Hirschsprung had placed great emphasis on the fact that his collection should be able to present a representative picture of the Danish art of the 19th century. And this was underlined in the hanging in which Hannover introduced a new element in the realm of the art museum, providing for a chronological presentation of the individual artists room by room.

On the whole, this arrangement has been retained by the Museum ever since, just as the principles governing the hanging have also been respected – many of the collection’s pictures still hang on the original nails – and the museum has thus retained its intimate character and charm.

The museum building represents a very early example of the neo-classical style that again became a feature of Danish architecture at the beginning of the 20th century, and this is the background to the reason for the building’s being listed in 1995.

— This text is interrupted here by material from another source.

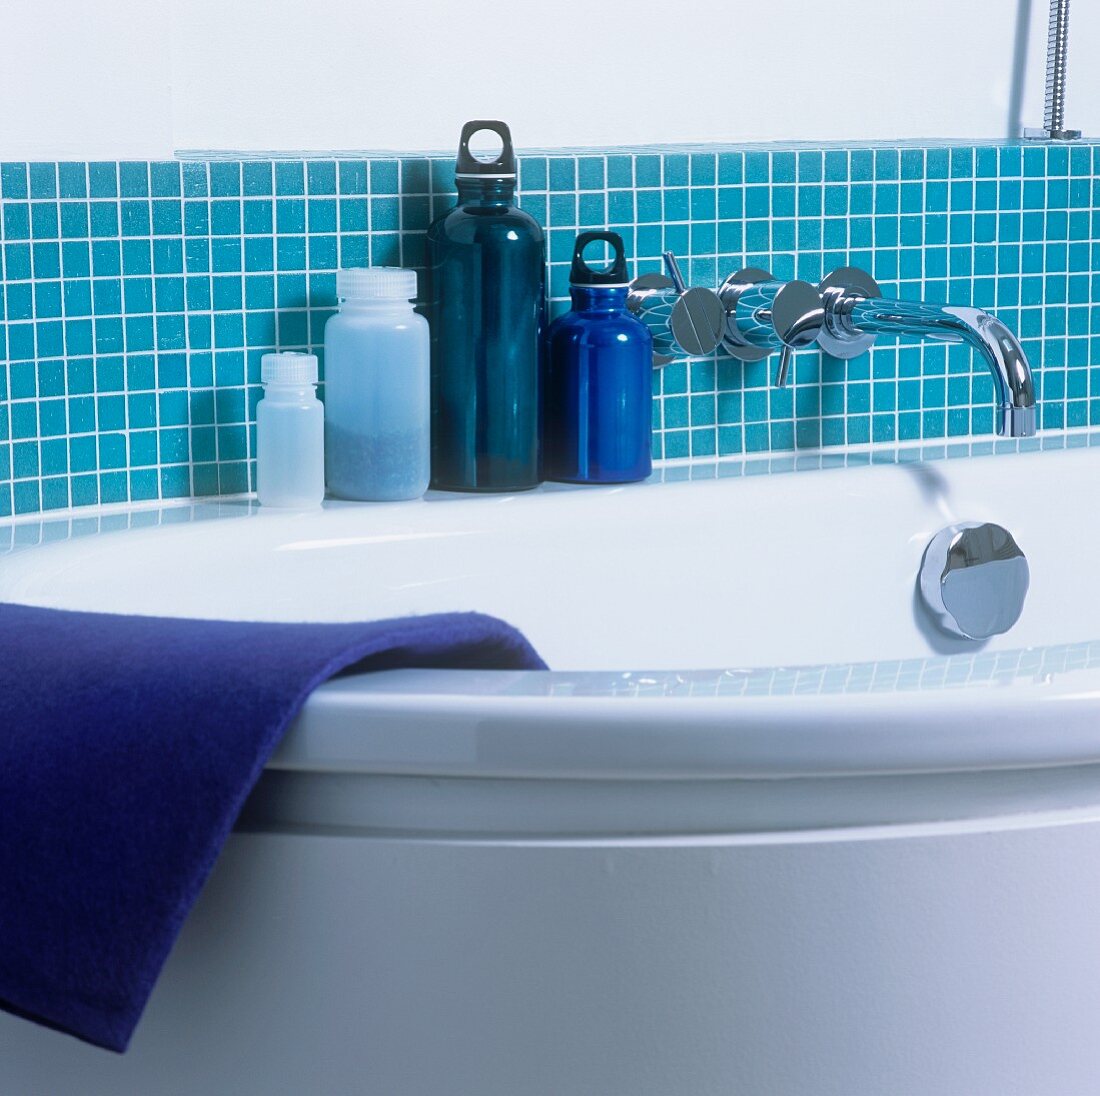 Detail of a bath tub with blue containers against blue wall tiles

In 2002, on the centenary of the deed of gift, Den Hirschsprungske Samling mounted a major exhibition presenting Hirschsprung as an art collector and patron of the arts. The director of the museum, Marianne Saabye, wrote a book, accompanying the exhibition, and a film was also produced.

Collections:
As a collector, Henrich Hirschsprung was influenced by the naturalistic view of art of his day, the aim of which was to create a sober sense of reality. He saw the Golden Age in the same light, but at the same time he was able to go along with the change to a symbolist style in the 1890s, and he early had an eye for the artistic qualities in the otherwise unheeded sketches.

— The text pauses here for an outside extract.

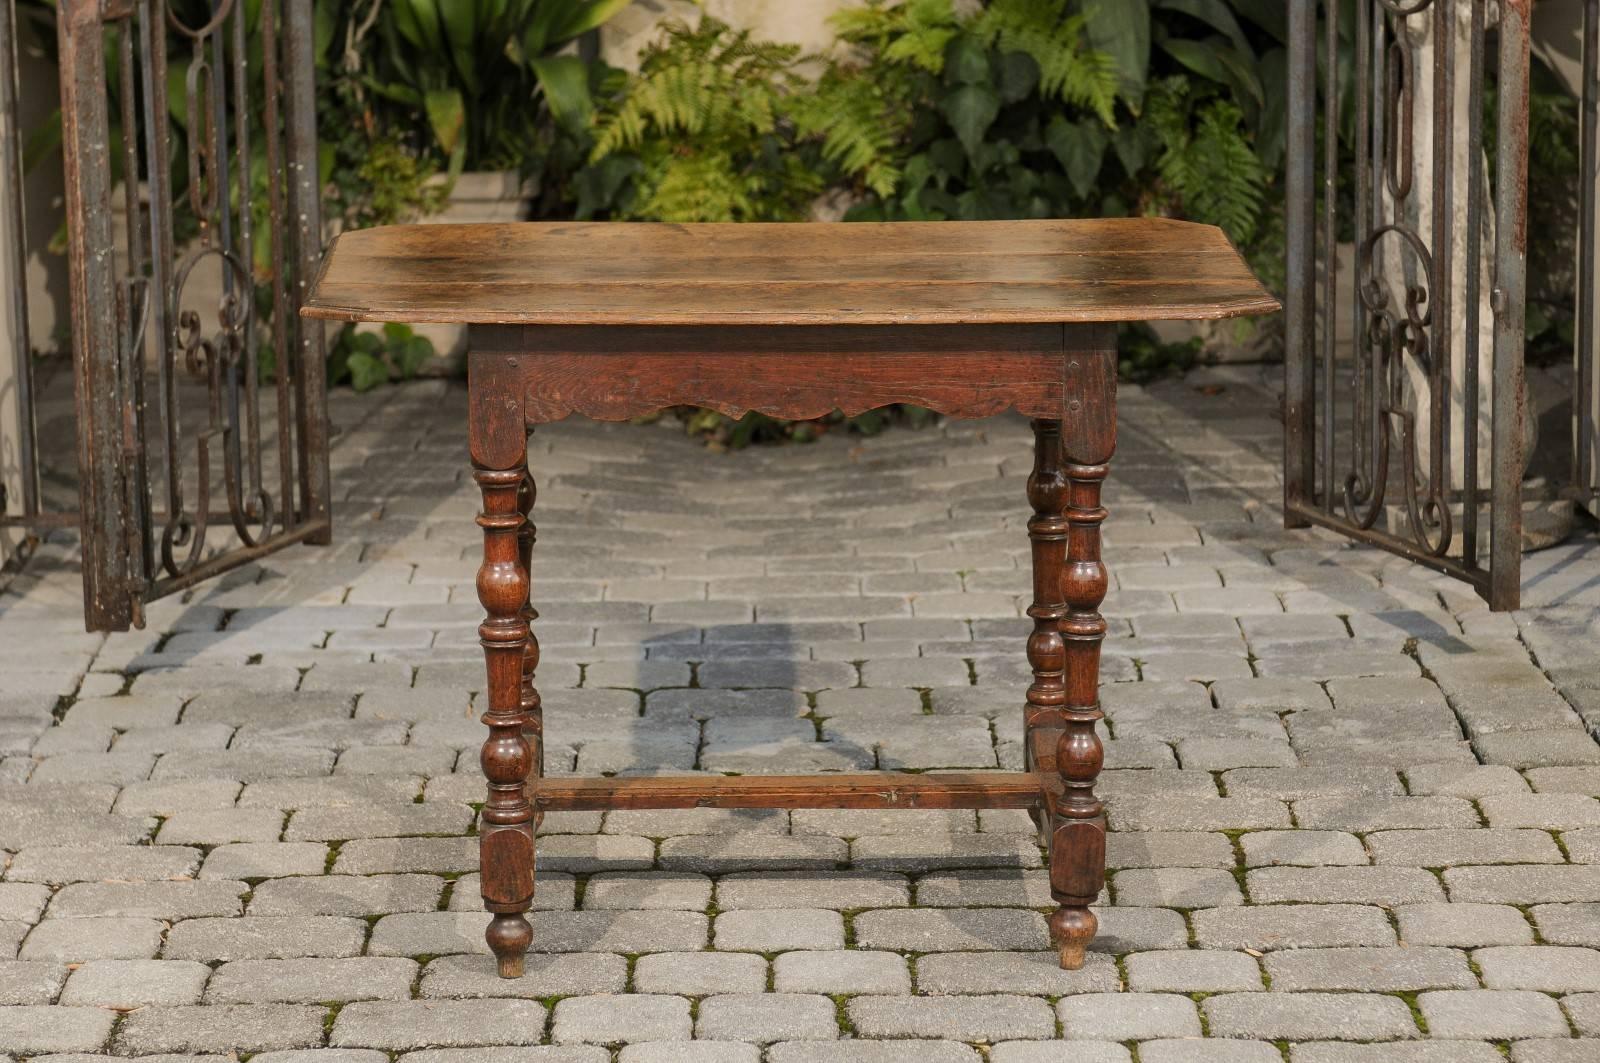 A French oak side table with turned legs and cross stretcher from the late 18th century. This French side table features a rectangular top with canted corners sitting above a nicely carved apron. The table is raised on four turned legs resting on

The Hirschsprung Collection is beautifully situated in the green parklands of the Østre Anlæg on the old ramparts of Copenhagen. The museum houses Heinrich and Pauline Hirschsprung’s collection of Danish art and first opened its doors to the public in the summer of 1911. The museum was designed by the architect H.B. Storck, while the original interior and display was designed by the art historian Emil Hannover, who also became the museum’s first Director.

Danish Golden Age:
The museum exhibits more than 700 works of art. The emphasis is on the Golden Age of Danish Painting. All the major painters of the period are represented, including C. W. Eckersberg, Christen Købke, Constantin Hansen, Wilhelm Marstrand and Martinus Rørbye, as well as many lesser known names.

Modern Breakthrough:
The artistic generation in the late 19th century, also known as the Modern Breakthrough in Danish painting, who broke away from both the strictures of traditional Academicism and the heritage of the Golden Age of Danish Painting, is also well represented. This includes:

Skagen Painters such as P. S. Krøyer and Michael and Anna Ancher
Theodor Philipsen, Denmark’s foremost representative of Impressionism
Symbolisterne, The Danish Symbolist movement
Fynboerne, natives of Funen, a group of artists from Funen who met at Kristian Zahrtmann’s independent art school in the 1880s.

Provenance furniture:
The smaller galleries of the museum are furnished with furniture designed by the Golden Age artists and other provenance furniture associated with them. This was done at the initiative of Emil Hannover, the museum’s first director, when he was put in charge of interior design prior to its opening.

The collection contains Danish paintings, sculptures, drawings and sketchbooks from the 19th century and the beginning of the 20th century, but also furniture and objects that belonged to the artists. The many furniture gives the museum a homely atmosphere.

Heinrich Hirschsprung was absorbed by the artistic process and therefore collected not only finished works of art but also sketches and studies. Together with the museum’s first director, Emil Hanover, he had the idea that the collection should be a documentation center for Danish art in the 19th century, and therefore there is also a large letter archive containing, among other things, P.S. Krøyer and Vilhelm Hammershøi correspondence.

The Hirschsprung Collection is part of the Park Museums.